◆ DIRECTIONS
Exact reproduction of the listing is required. Pictures are not reproduced.
══ EXERCISE DATA ══
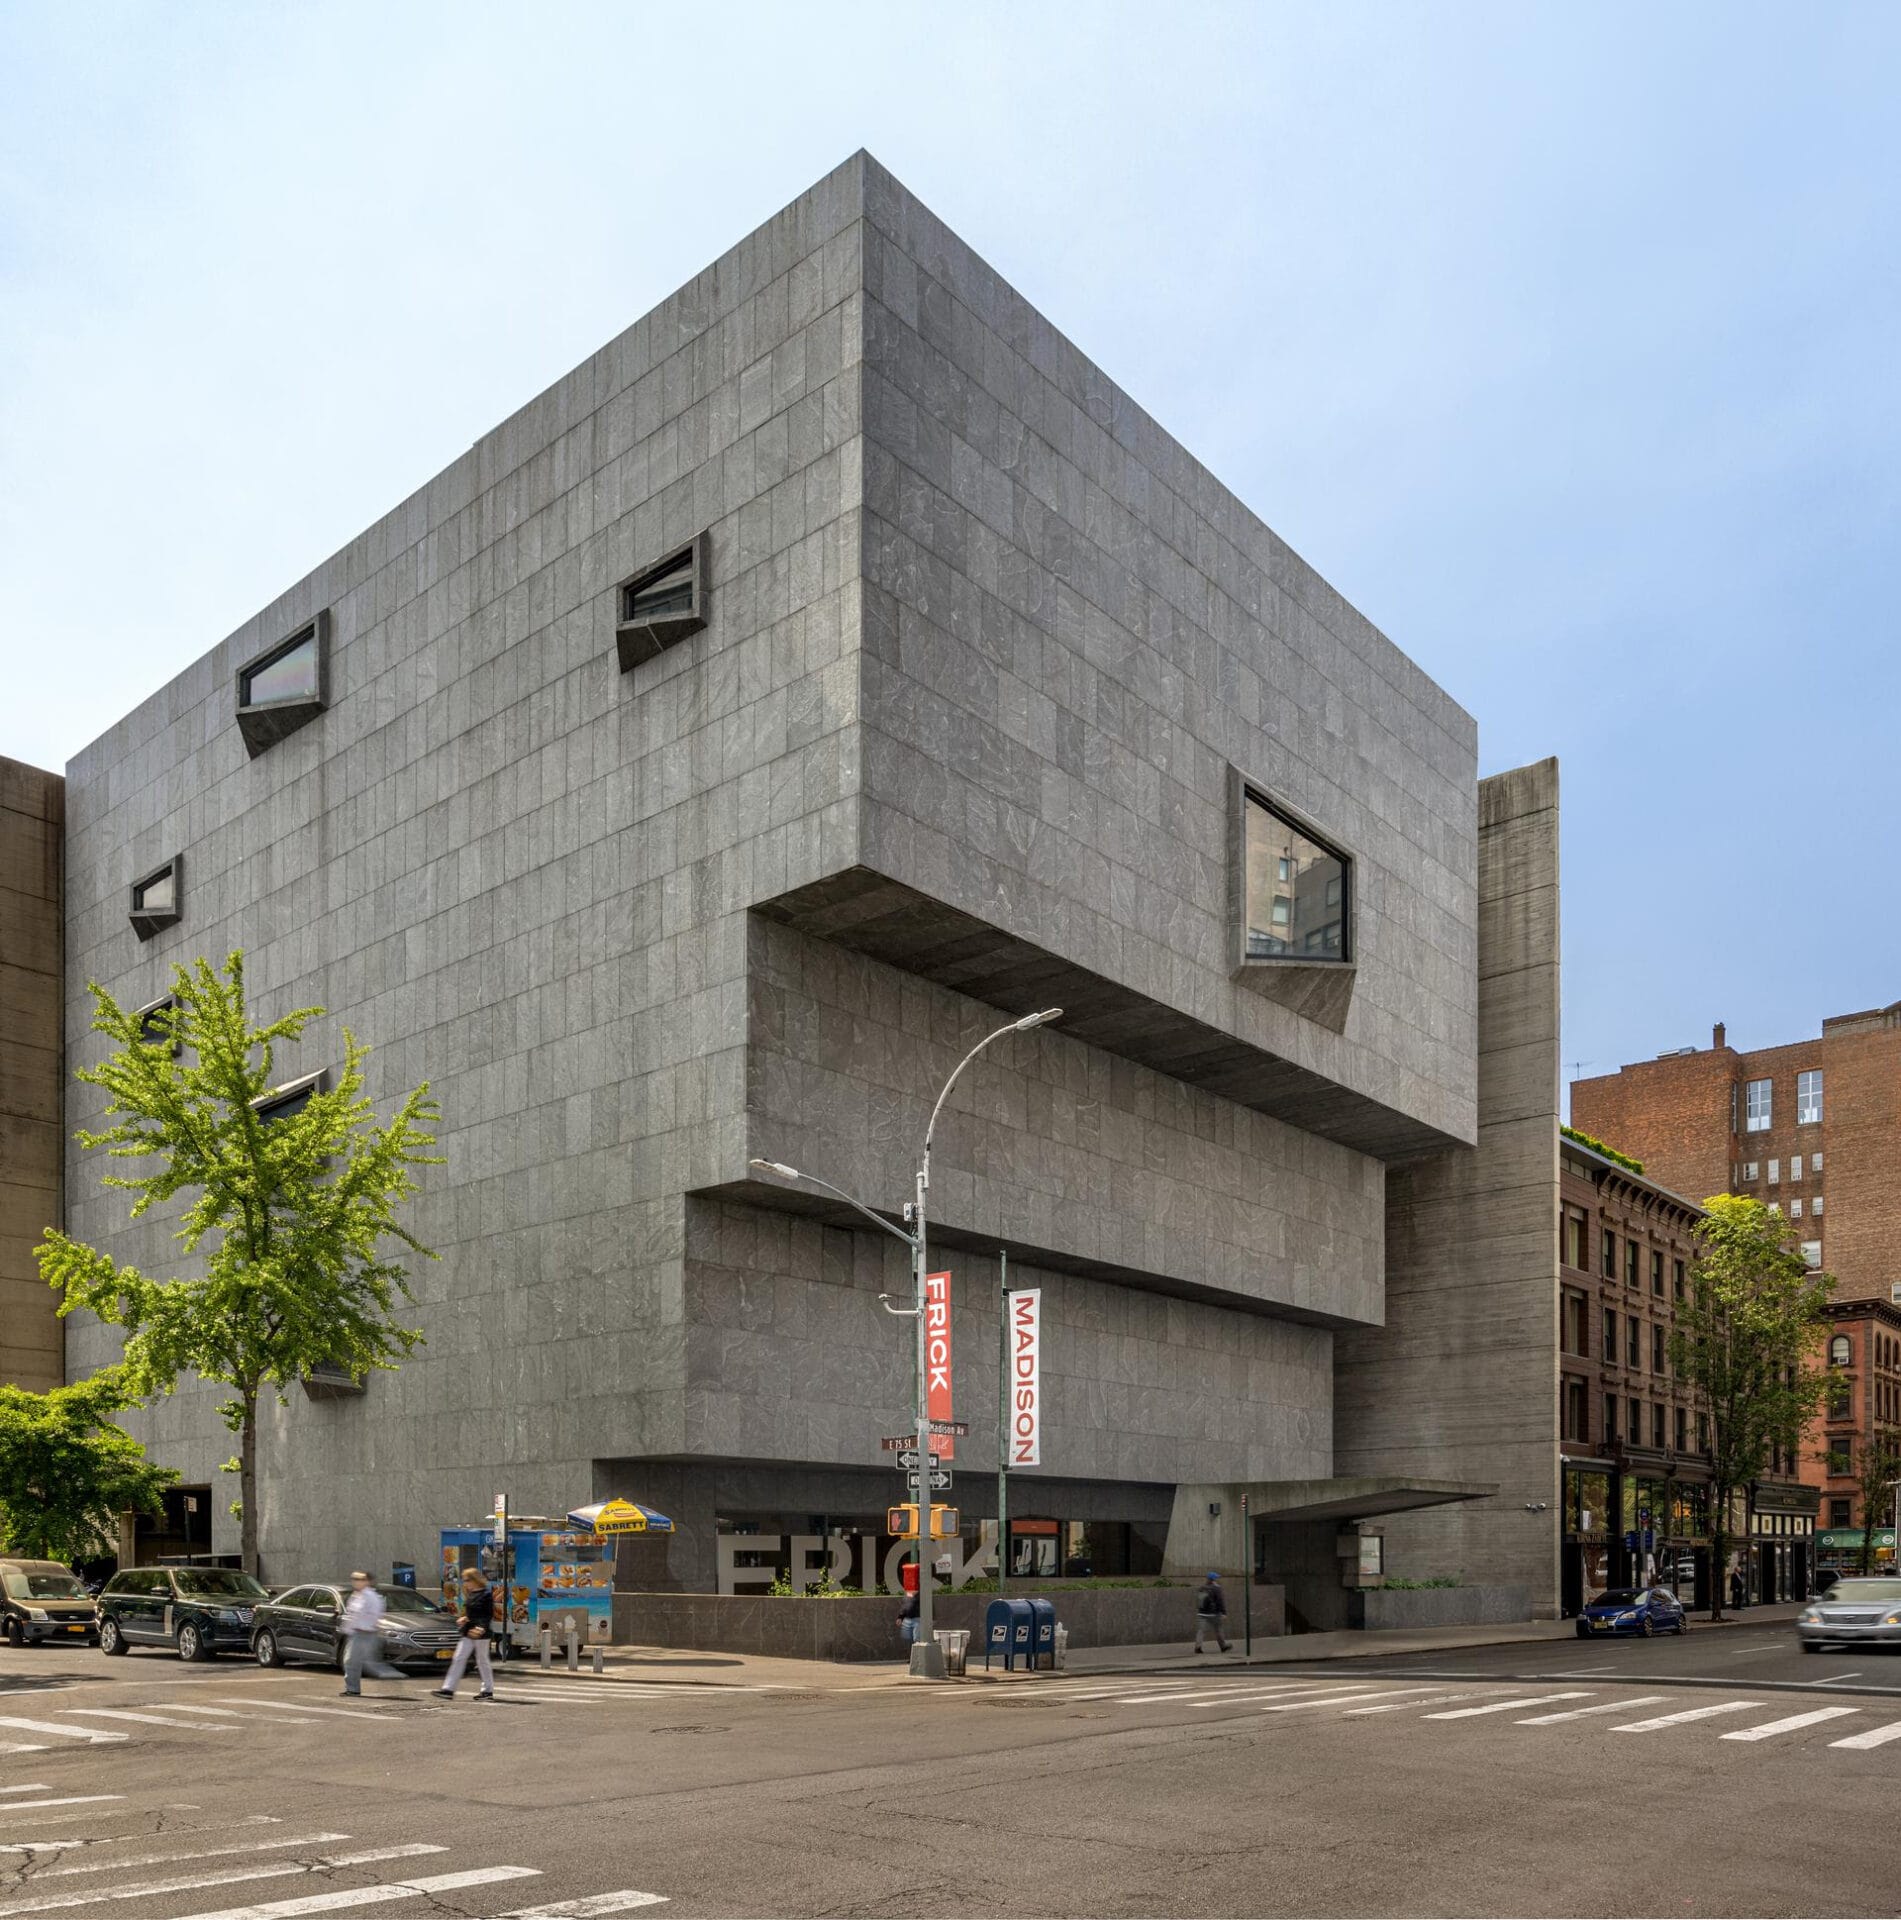 Exterior of the Breuer Building. Photo by Max Touhey. Credit: Courtesy Sotheby’s
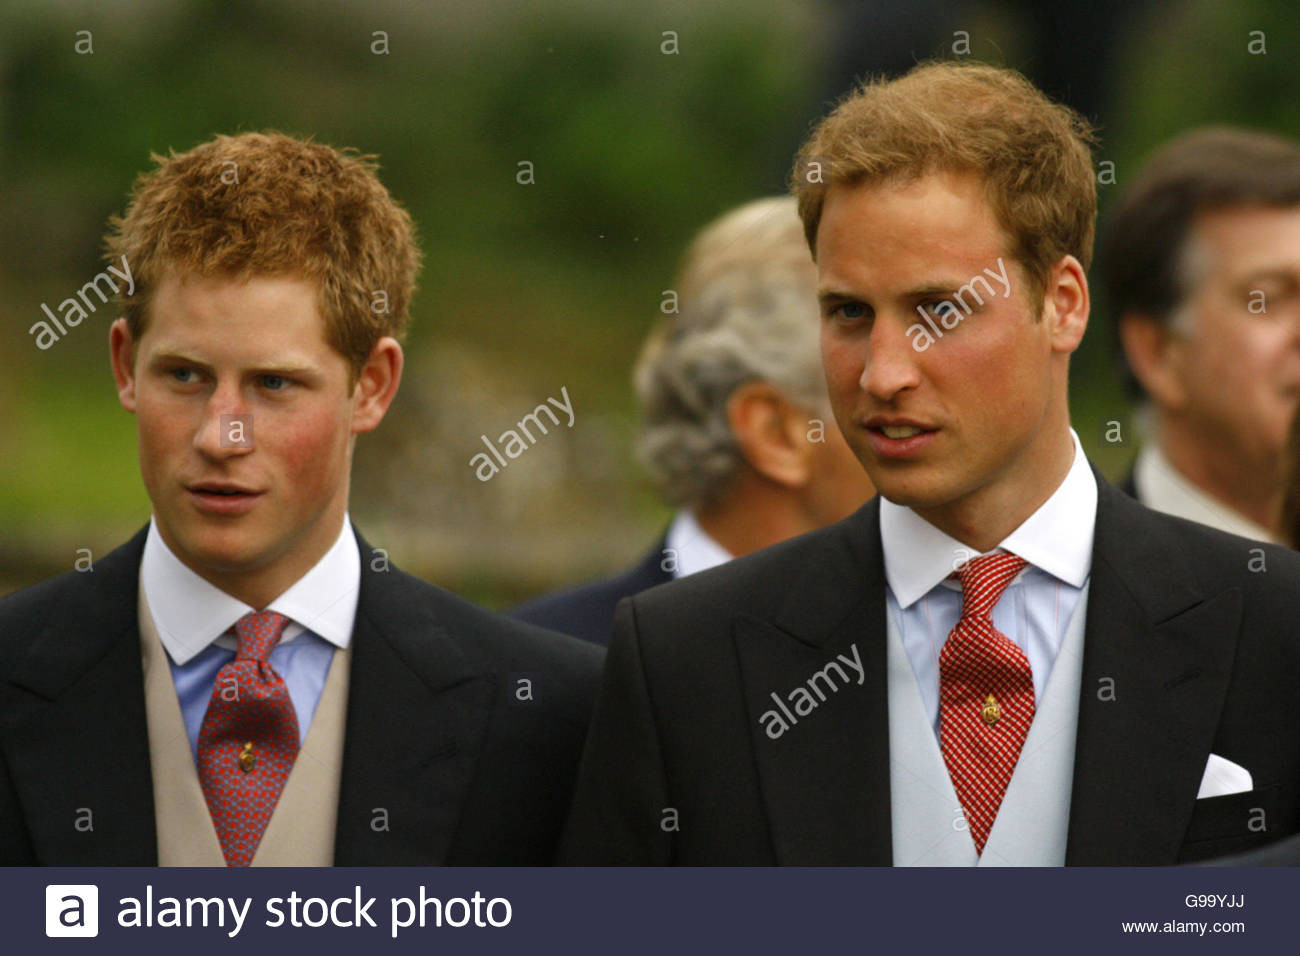 Prinz Harry Hochzeit
 Prince William and Prince Harry at the wedding of Laura
═══
◆ RESULT OF THE EXERCISE
 Exterior of the Breuer Building. Photo by Max Touhey. Credit: Courtesy Sotheby’s
 Prinz Harry Hochzeit
 Prince William and Prince Harry at the wedding of Laura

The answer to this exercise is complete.